L'output di "journalctl -xe" segnala i messaggi "No space left on the device".
Il "df" mostra che /var è al 100%:
df -kh
Filesystem Size Used Avail Use% Mounted on
devtmpfs 16G 8.0K 16G 1% /dev
tmpfs 16G 0 16G 0% /dev/shm
tmpfs 16G 50M 16G 1% /run
tmpfs 16G 0 16G 0% /sys/fs/cgroup
/dev/sda5 9.8G 2.4G 7.0G 26% /
/dev/sdg1 183G 8.3G 165G 5% /ssd01
/dev/sda1 979M 50M 878M 6% /boot
/dev/sdd1 1.9T 236G 1.6T 13% /data04
/dev/sdc1 1.9T 240G 1.6T 13% /data03
/dev/sde1 1.9T 236G 1.6T 13% /data05
/dev/sdf1 1.9T 238G 1.6T 13% /data06
/dev/sdb1 1.9T 238G 1.6T 13% /data02
/dev/sda7 2.0G 2.0G 0 100% /var <------- 100% Use
/dev/sda3 1.8T 267G 1.6T 15% /data01Cause
NTPD si basa su /var/lib/ntp/drift/ntp.drift che contiene la stima più recente dell'errore di frequenza di clock.
se /var è pieno al 100%, NTPD non può aggiornare o creare il ntp.drift e NTP non funziona correttamente.
Resolution
1. Sul nodo interessato, analizzare e risolvere l'utilizzo al 100% di /vaR.
2. Una volta corretto:
Un. Riavviare NTPD:
root@node03:~/#: systemctl restart ntpd
B. Controllare lo stato di ntpd:
root@node03:~/#: systemctl status ntpd
Dovrebbero essere visualizzati risultati simili ai seguenti:
● ntpd.service - NTP Server Daemon
Loaded: loaded (/usr/lib/systemd/system/ntpd.service; enabled; vendor preset: disabled)
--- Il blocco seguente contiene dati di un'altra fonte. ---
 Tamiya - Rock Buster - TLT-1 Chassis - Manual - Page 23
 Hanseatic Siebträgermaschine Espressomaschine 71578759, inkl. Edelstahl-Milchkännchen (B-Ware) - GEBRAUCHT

Active: active (running) since Tue 2022-09-27 21:21:42 UTC; 37s ago
Docs: man:ntpd(1)
Process: 29442 ExecStart=/usr/sbin/start-ntpd start (code=exited, status=0/SUCCESS)
Main PID: 29463 (ntpd)
Tasks: 2
CGroup: /system.slice/ntpd.service
├─29463 /usr/sbin/ntpd -p /var/run/ntp/ntpd.pid -g -u ntp:ntp -c /etc/ntp.conf
└─29464 ntpd: asynchronous dns resolver
Sep 27 21:21:42 node03 ntpd[29463]: Listen normally on 3 bond0 10.n.n.52:123
Sep 27 21:21:42 node03 ntpd[29463]: Listen normally on 4 bond1 192.168.255.22:123
Sep 27 21:21:42 node03 ntpd[29463]: Listen normally on 5 lo [::1]:123
Sep 27 21:21:42 node03 ntpd[29463]: Listen normally on 6 bond0 [fe80::260:16ff:feaa:2a10%11]:123
Sep 27 21:21:42 node03 ntpd[29463]: Listen normally on 7 bond1 [fe80::260:16ff:fea9:b182%12]:123
Sep 27 21:21:42 node03 ntpd[29463]: Listening on routing socket on fd #24 for interface updates
Sep 27 21:21:42 node03 start-ntpd[29442]: Starting network time protocol daemon (NTPD)
Sep 27 21:21:42 node03 systemd[1]: Started NTP Server Daemon.
c. Verificare NTP con ntpq:
root@node03:~/#: /usr/sbin/ntpq -pn
Dovrebbero essere visualizzati risultati simili ai seguenti:
remote refid st t when poll reach delay offset jitter
==============================================================================
*10.241.216.209 10.233.131.242 2 u 966 1024 377 0.558 1.559 0.600
+192.168.255.21 10.241.216.209 3 u 401 1024 377 0.152 0.521 0.420
3. Confermare la risoluzione eseguendo un checkpoint manuale da Avamar Utility Node.